EXERCISE GOAL: Leaving the images aside, transcribe all the data below exactly.

INPUT DATA:
○ ○ ○ ○ ○

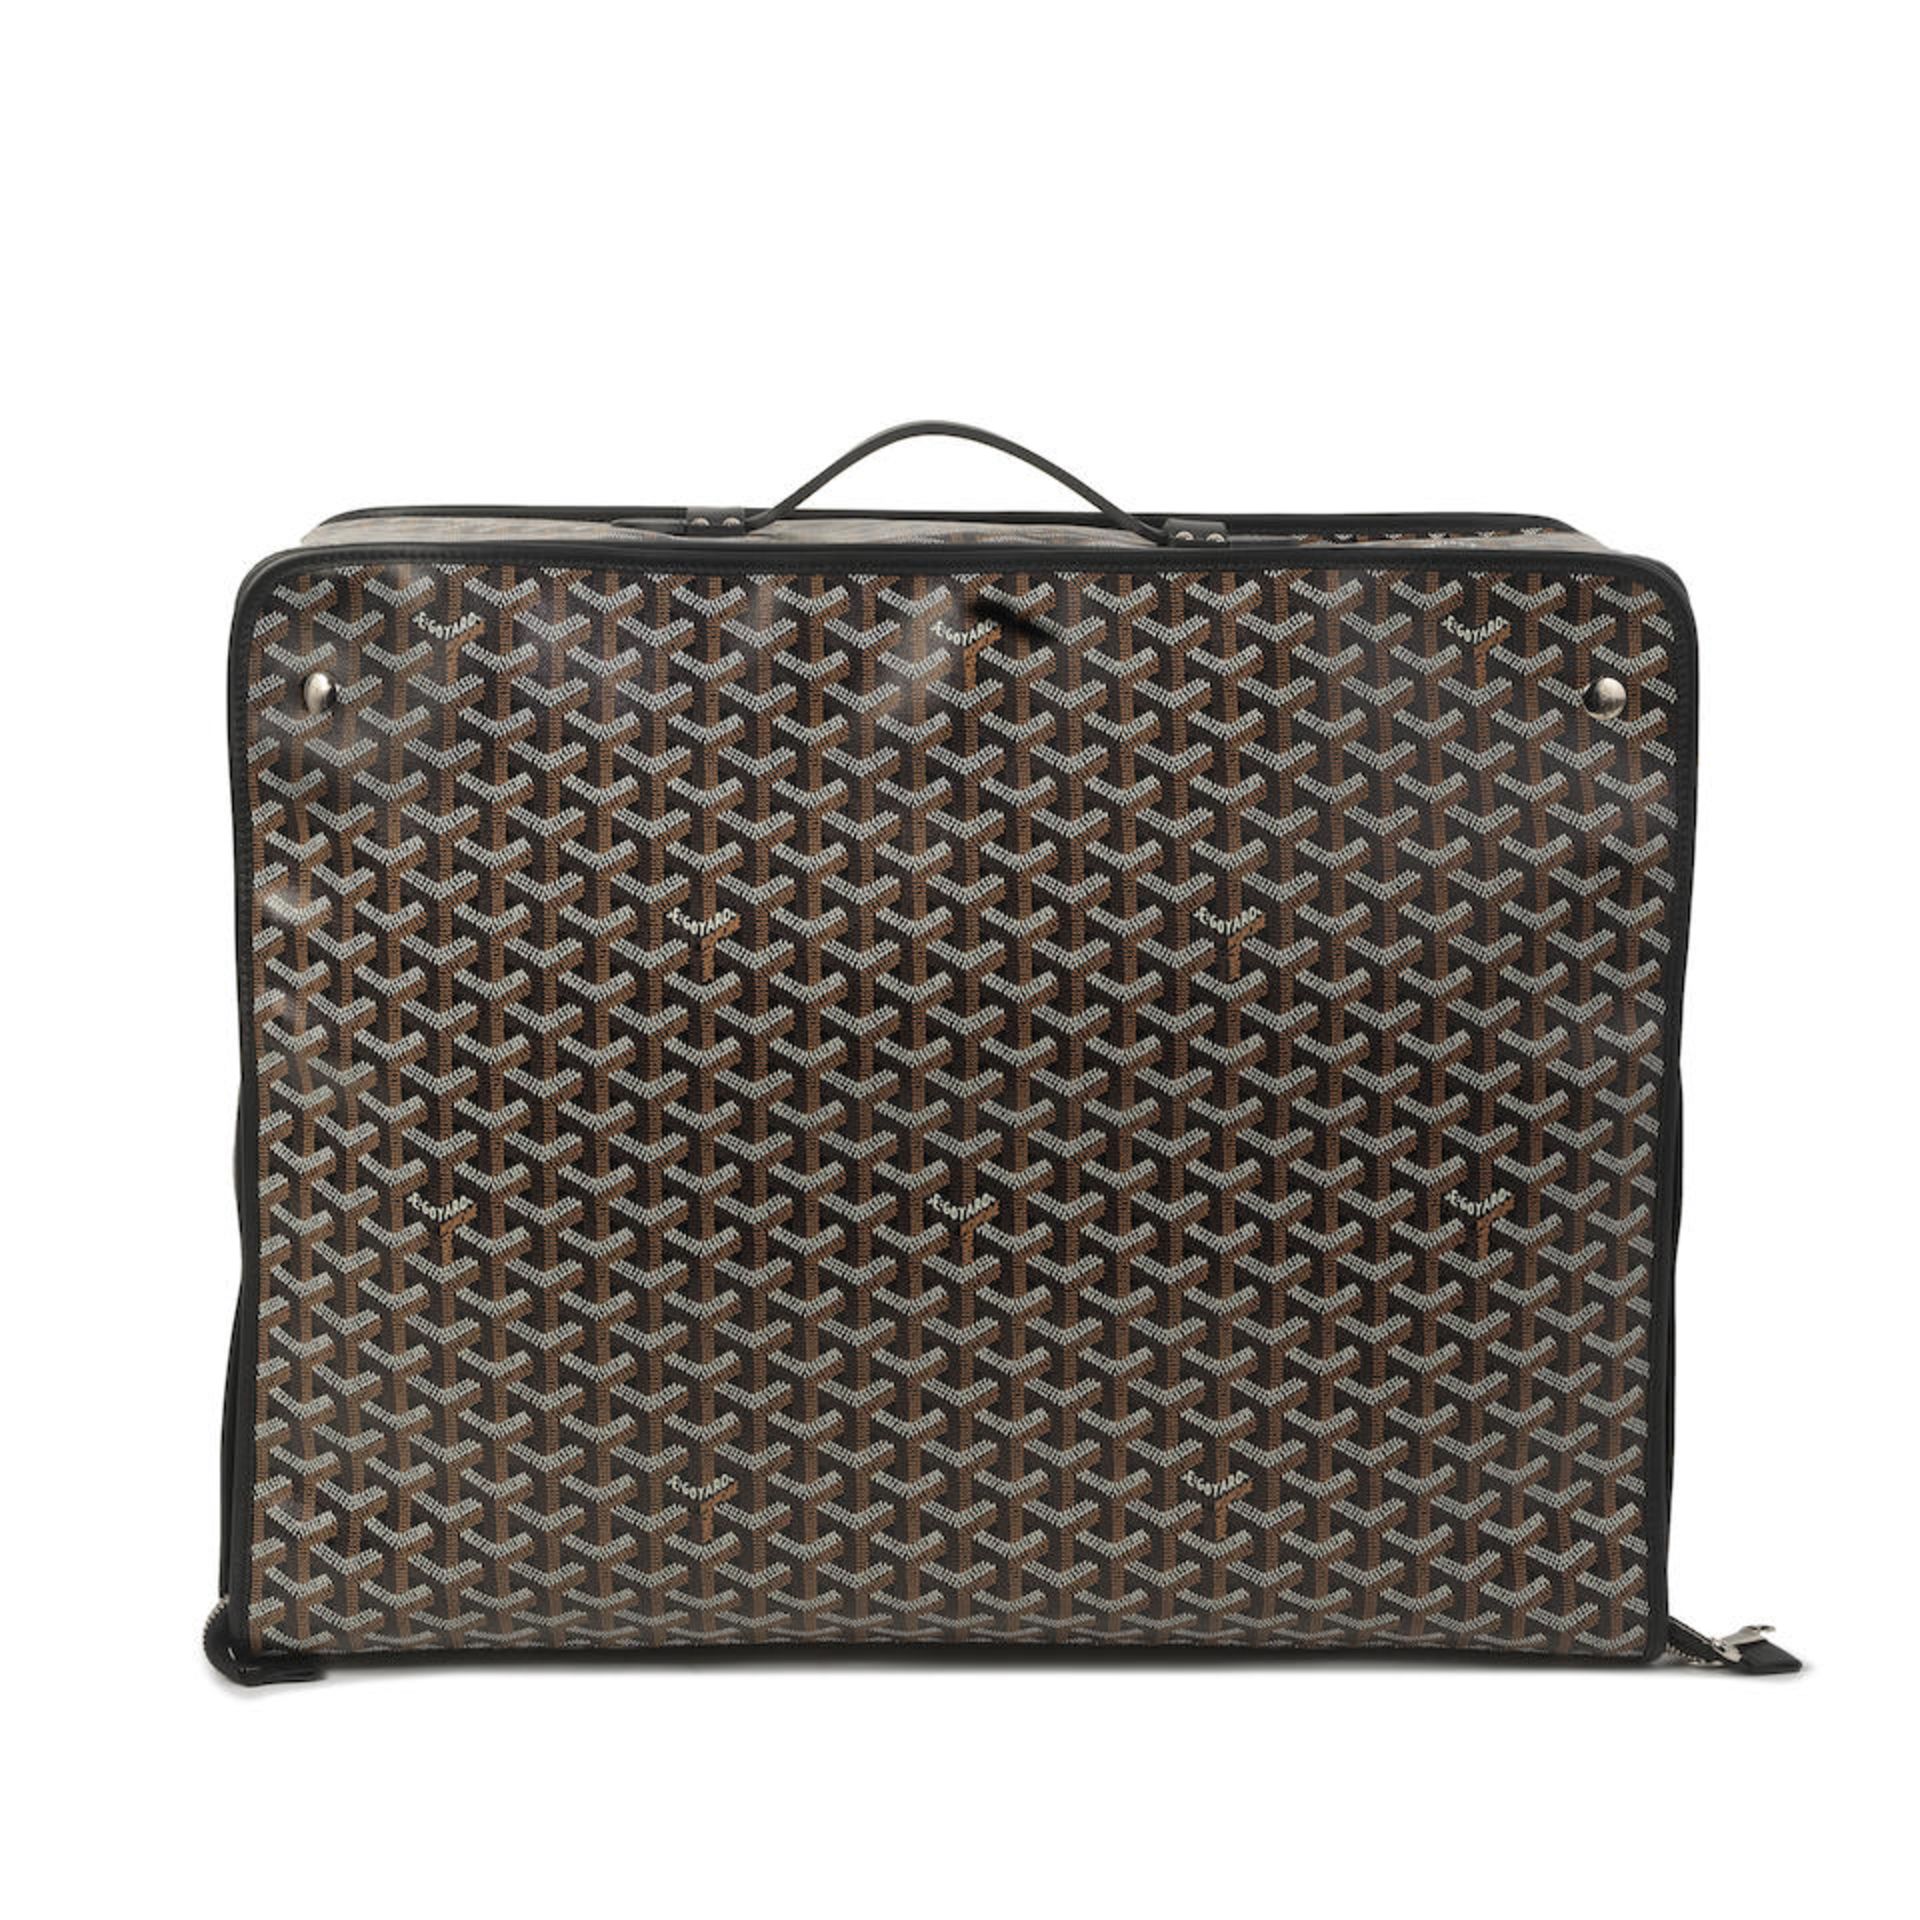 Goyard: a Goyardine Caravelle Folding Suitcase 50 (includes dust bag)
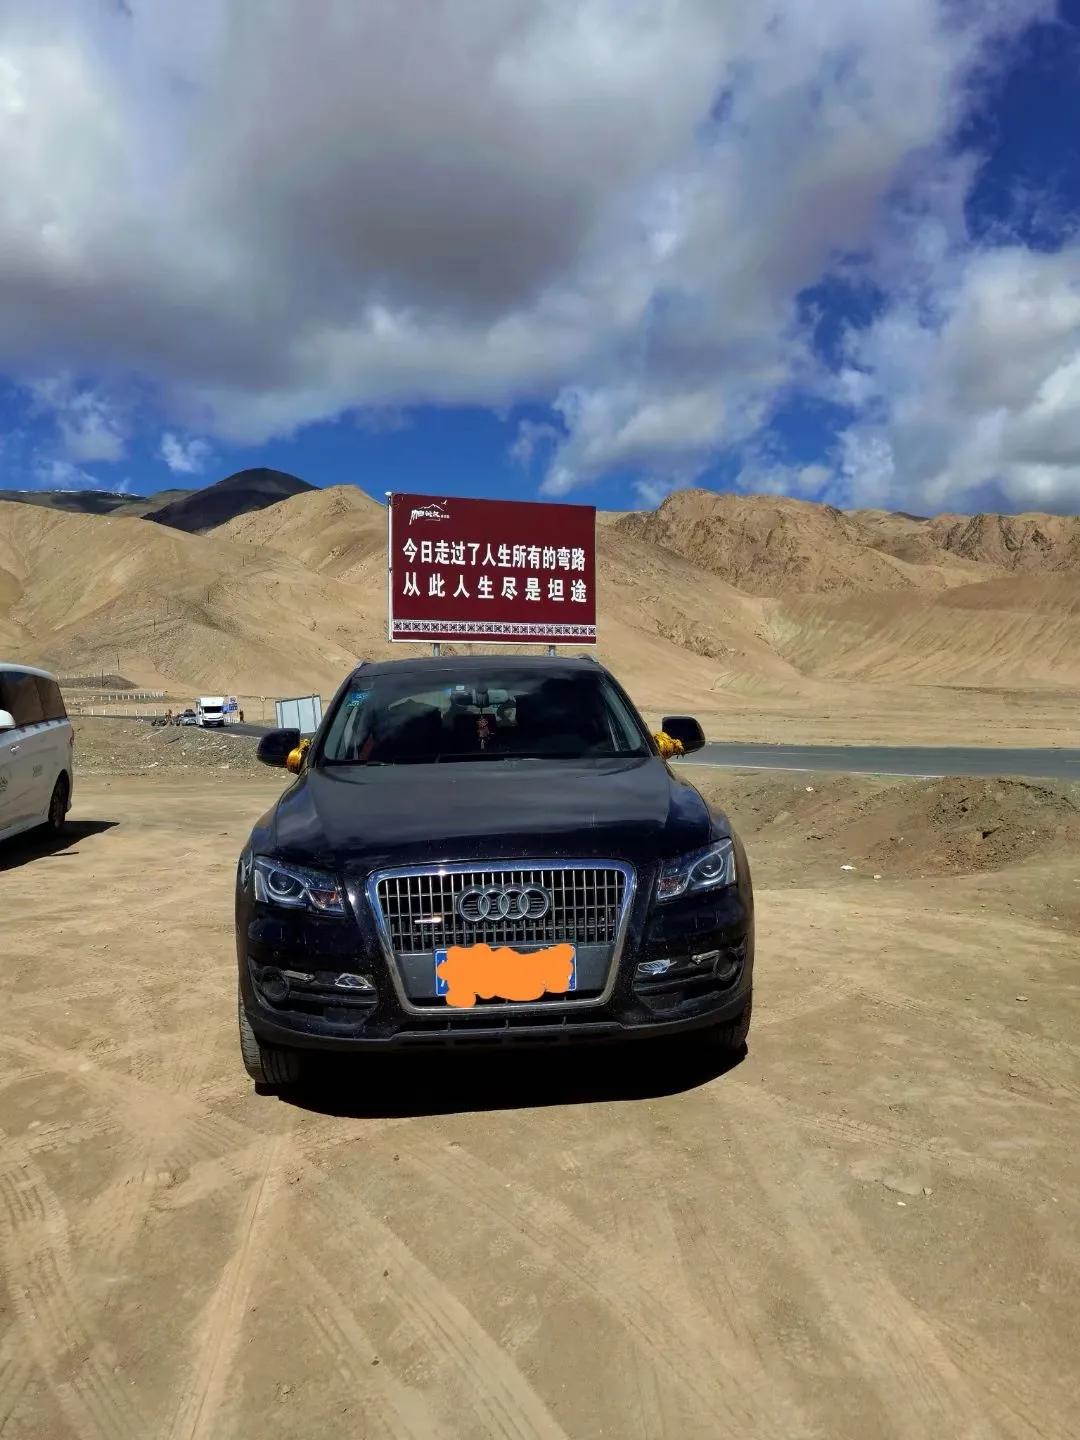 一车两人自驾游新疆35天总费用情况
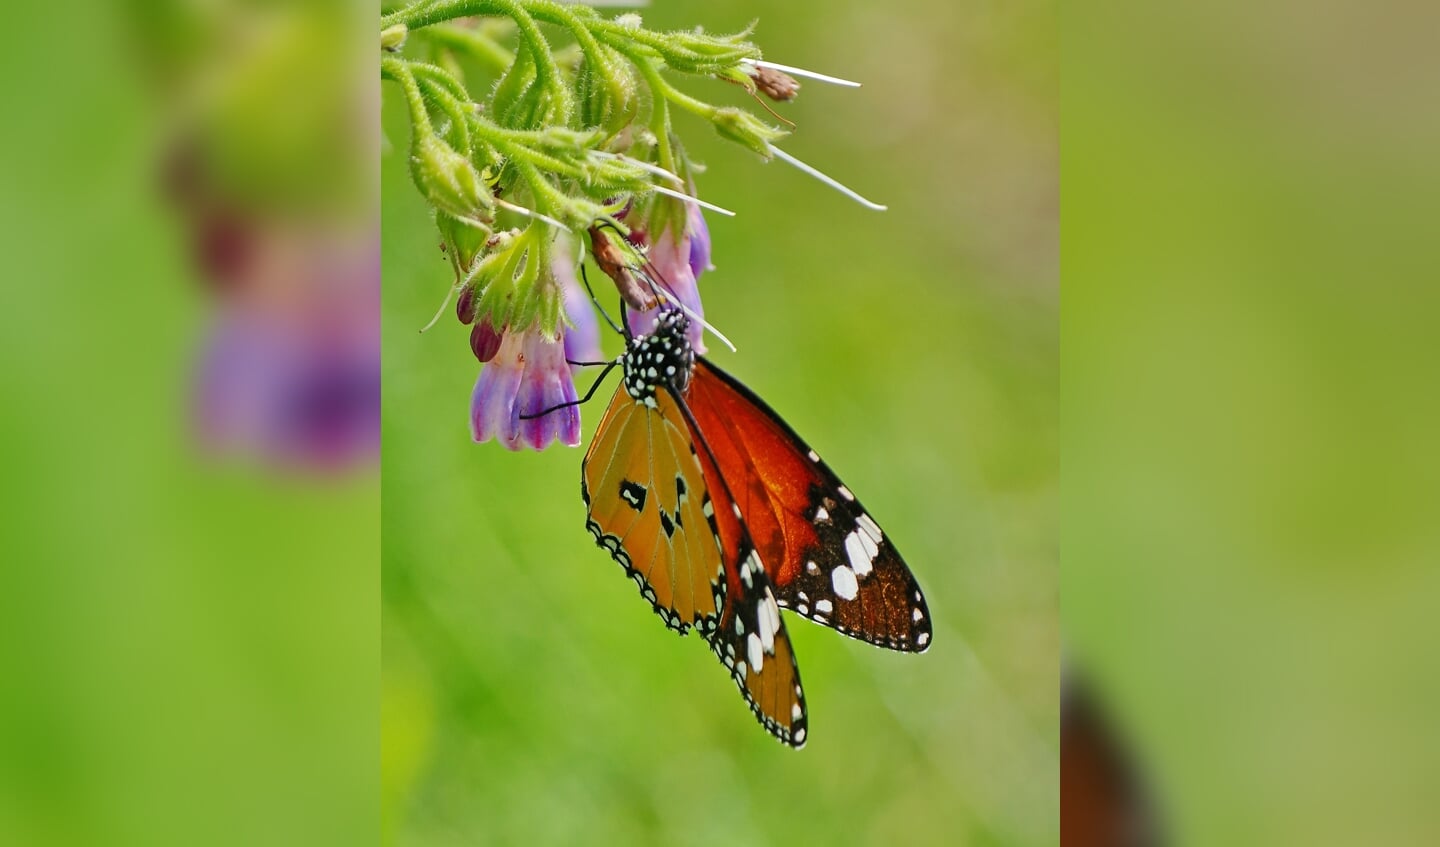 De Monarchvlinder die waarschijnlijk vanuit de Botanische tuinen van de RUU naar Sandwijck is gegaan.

○ ○ ○ ○ ○

RESPONSE TO THIS TASK:
 Goyard: a Goyardine Caravelle Folding Suitcase 50 (includes dust bag)
 一车两人自驾游新疆35天总费用情况
 De Monarchvlinder die waarschijnlijk vanuit de Botanische tuinen van de RUU naar Sandwijck is gegaan.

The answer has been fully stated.